> TASK REQUIREMENTS: Going line by line through the records below, write out everything starting with the line containing "Statistisches Jahrbuch der" and going on through the line containing "Світлодіодна лампа LB-240", exactly and inclusively. Pictures do not go in.

> RAW DATA:
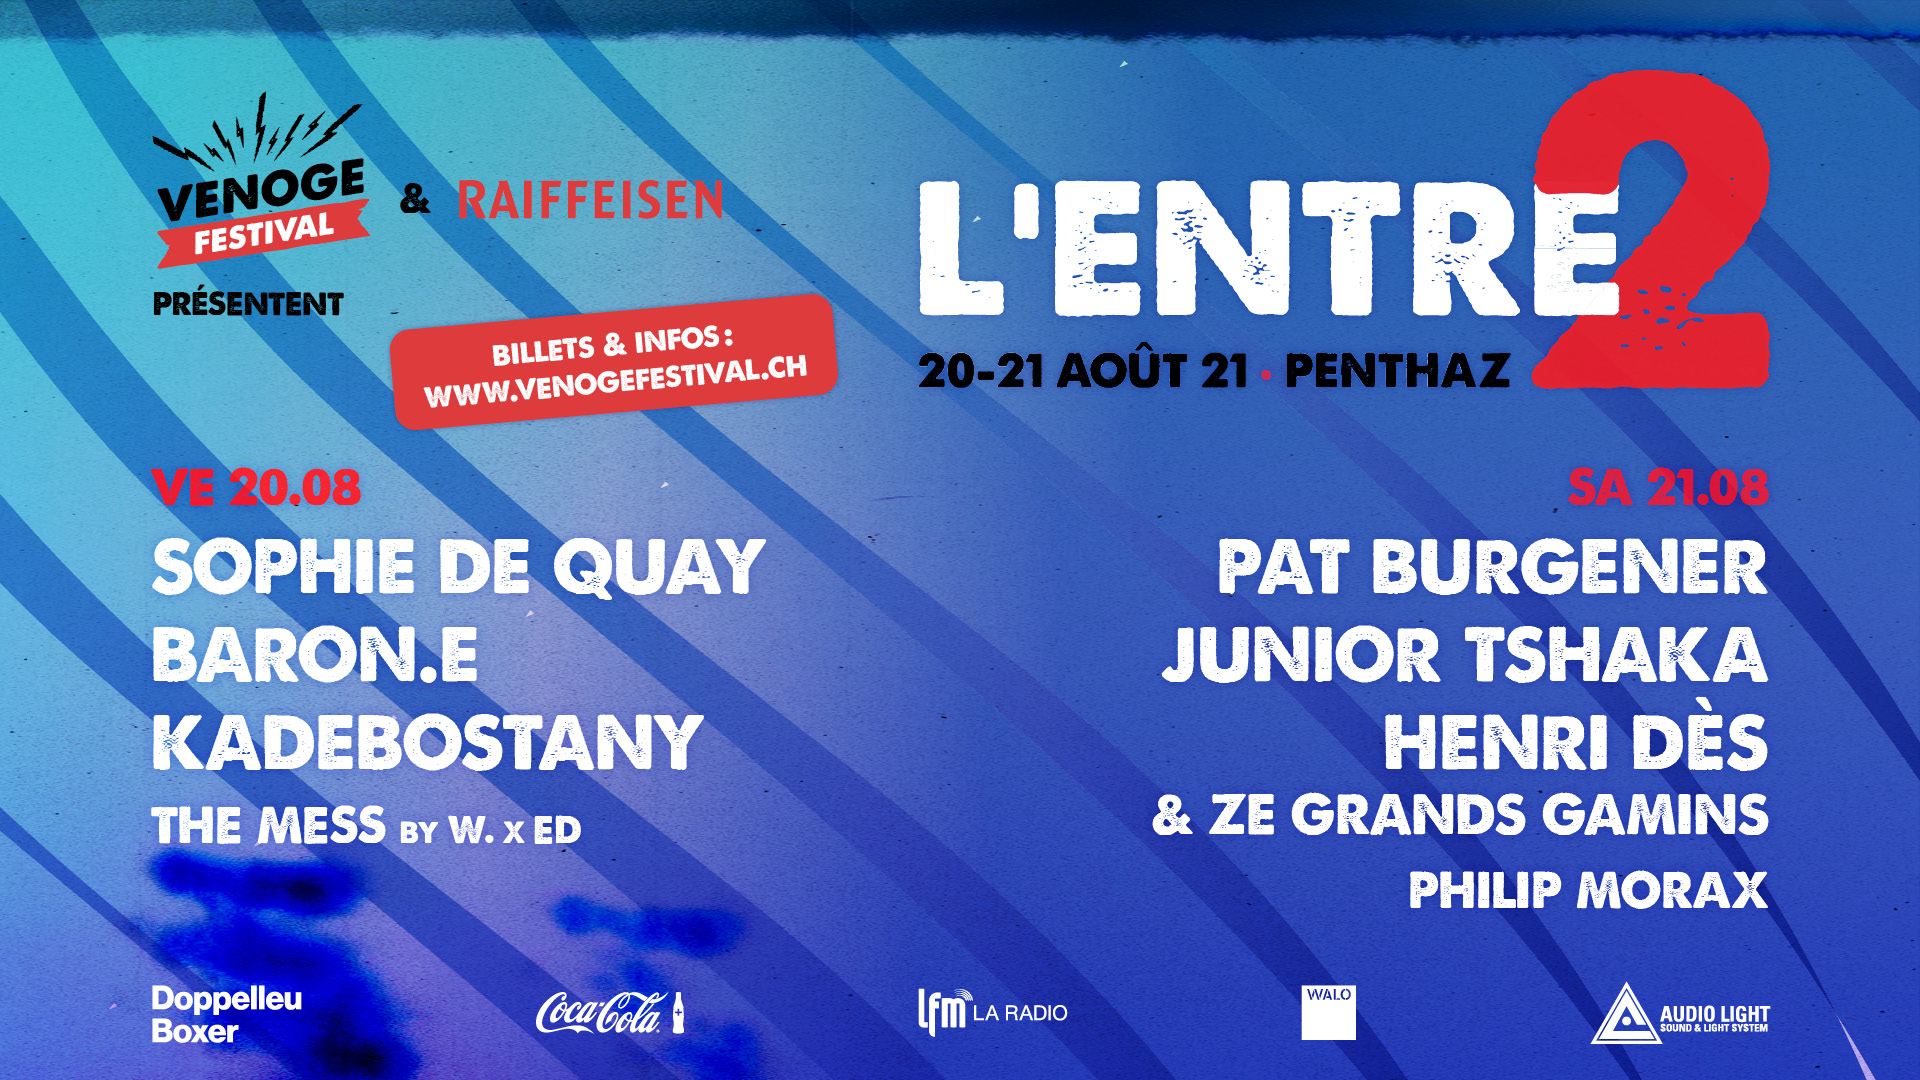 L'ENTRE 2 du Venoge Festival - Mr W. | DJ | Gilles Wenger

* * *

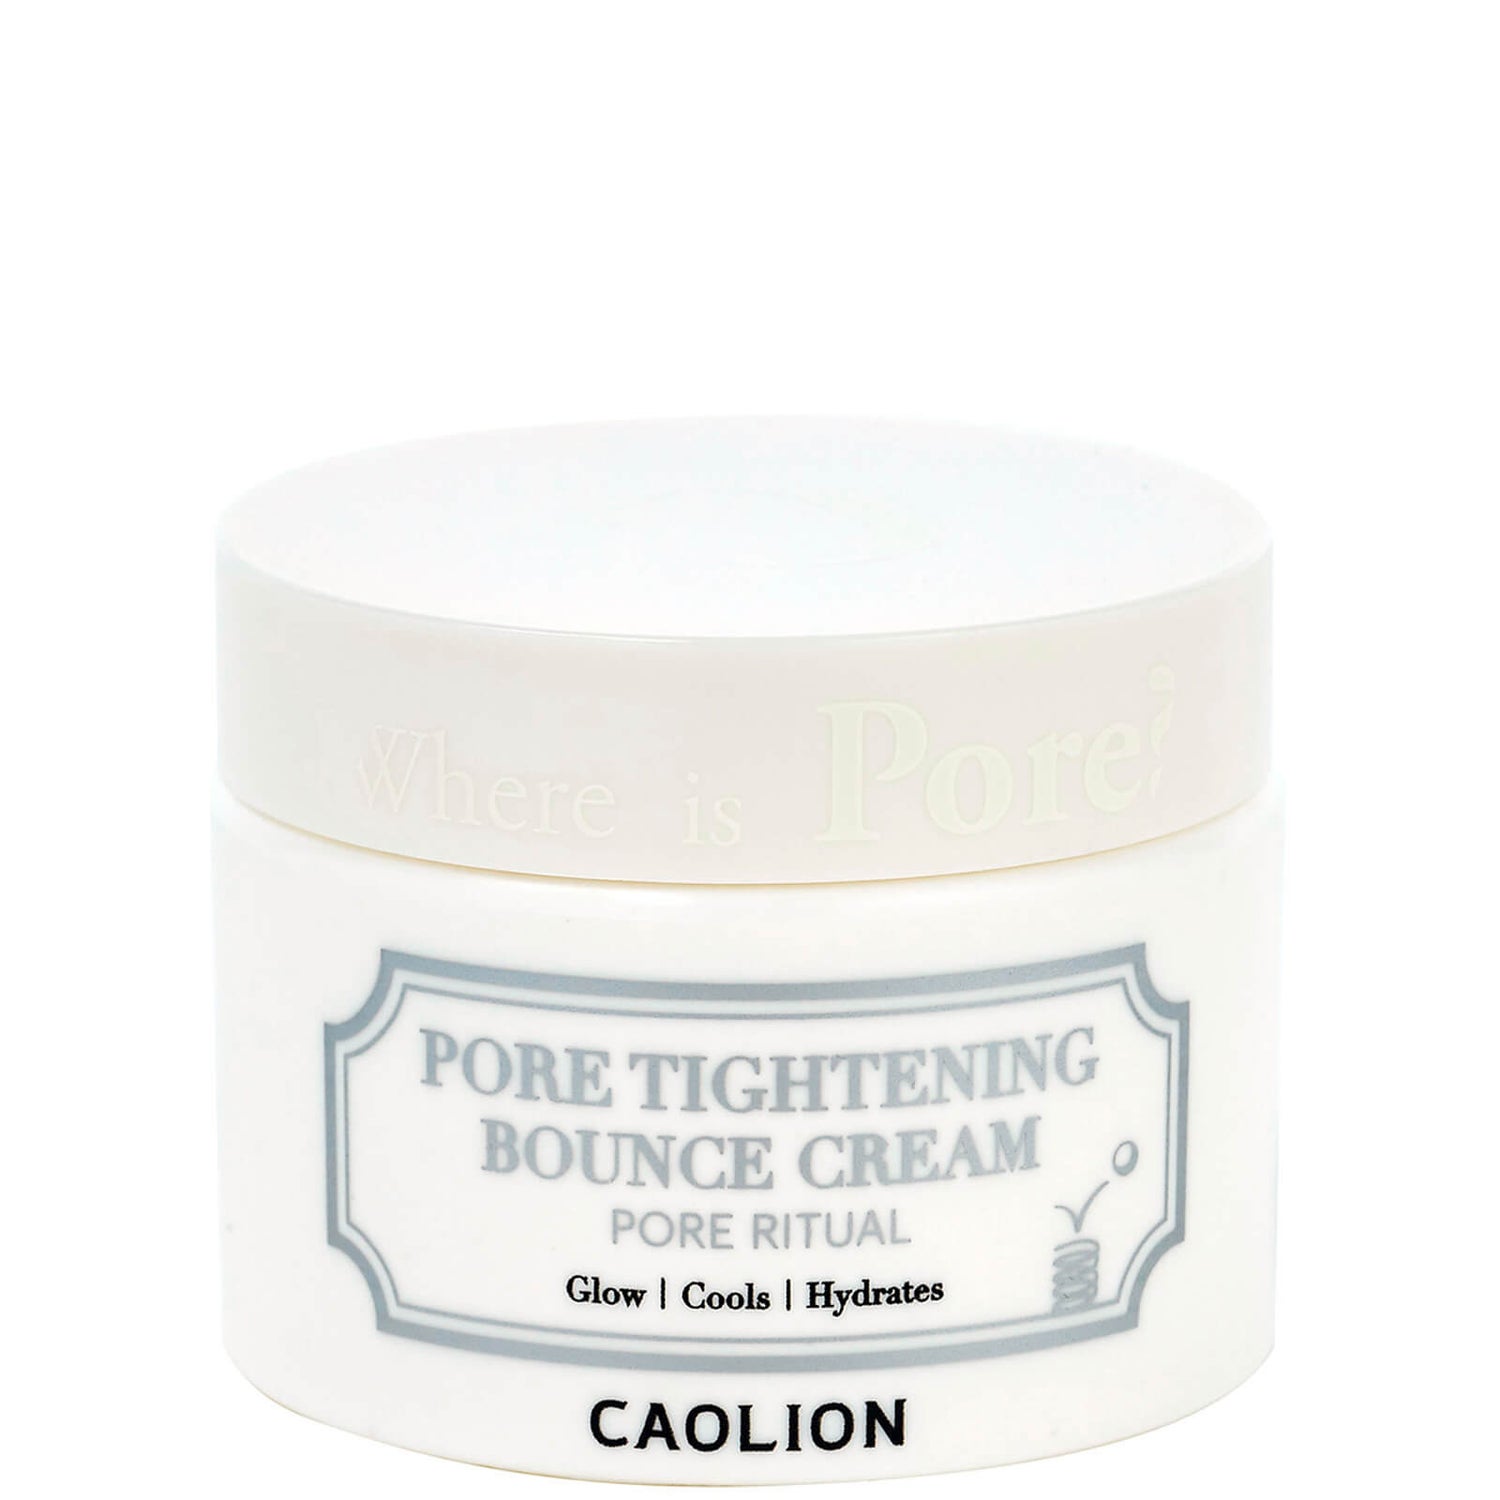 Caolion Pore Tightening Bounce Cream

...

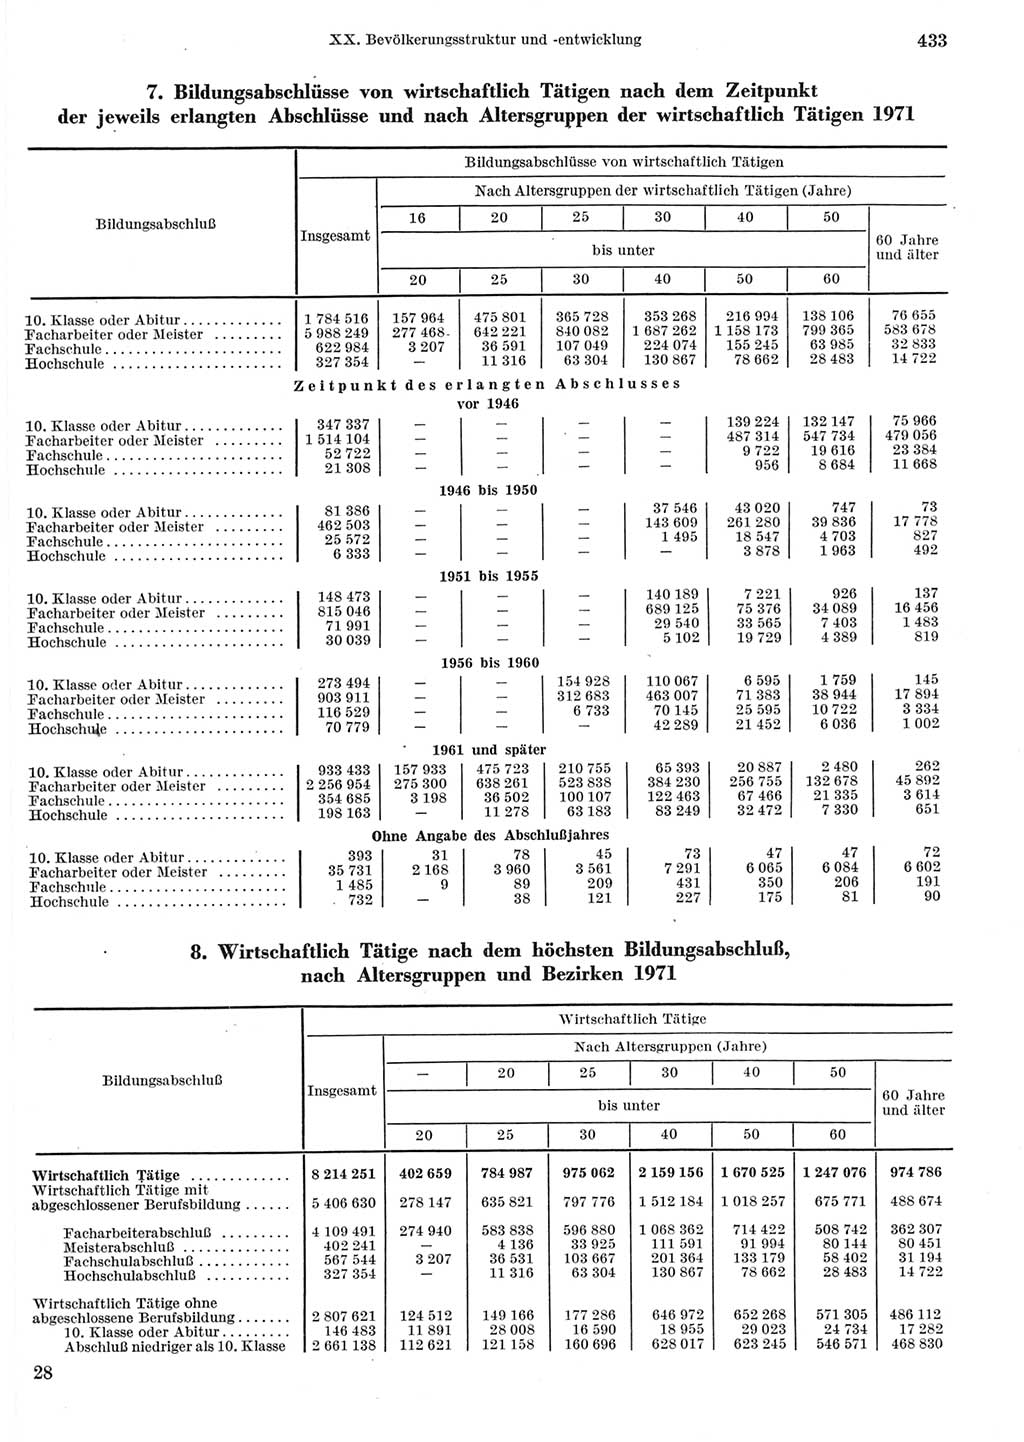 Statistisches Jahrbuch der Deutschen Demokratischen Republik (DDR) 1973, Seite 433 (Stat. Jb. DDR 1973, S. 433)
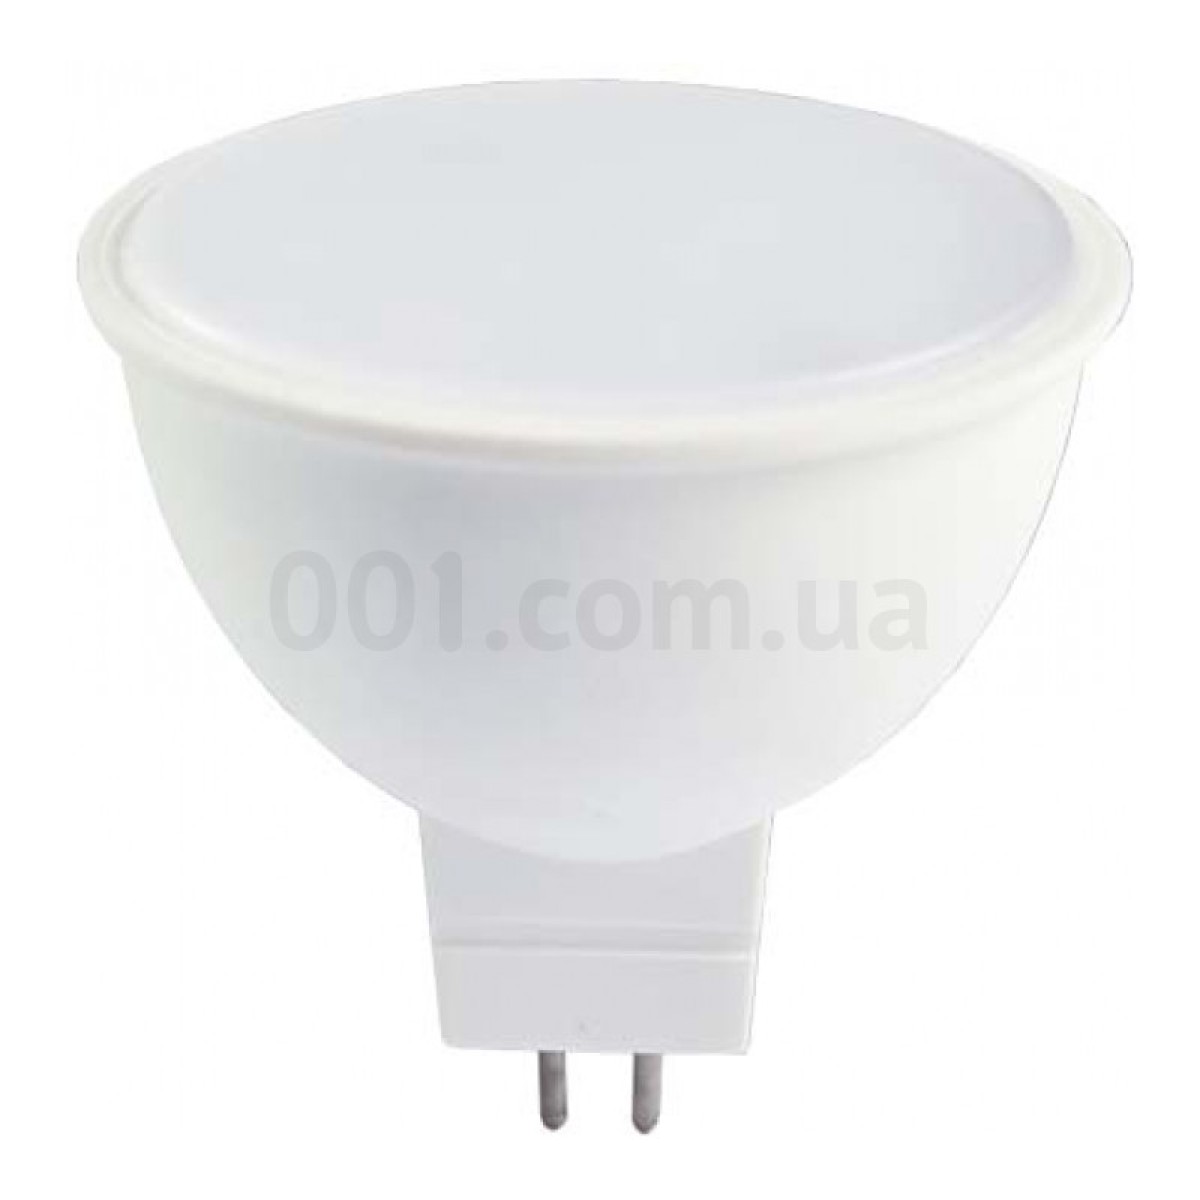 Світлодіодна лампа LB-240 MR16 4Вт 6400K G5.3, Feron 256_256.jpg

> SOLUTION:
 Statistisches Jahrbuch der Deutschen Demokratischen Republik (DDR) 1973, Seite 433 (Stat. Jb. DDR 1973, S. 433)
 Світлодіодна лампа LB-240 MR16 4Вт 6400K G5.3, Feron 256_256.jpg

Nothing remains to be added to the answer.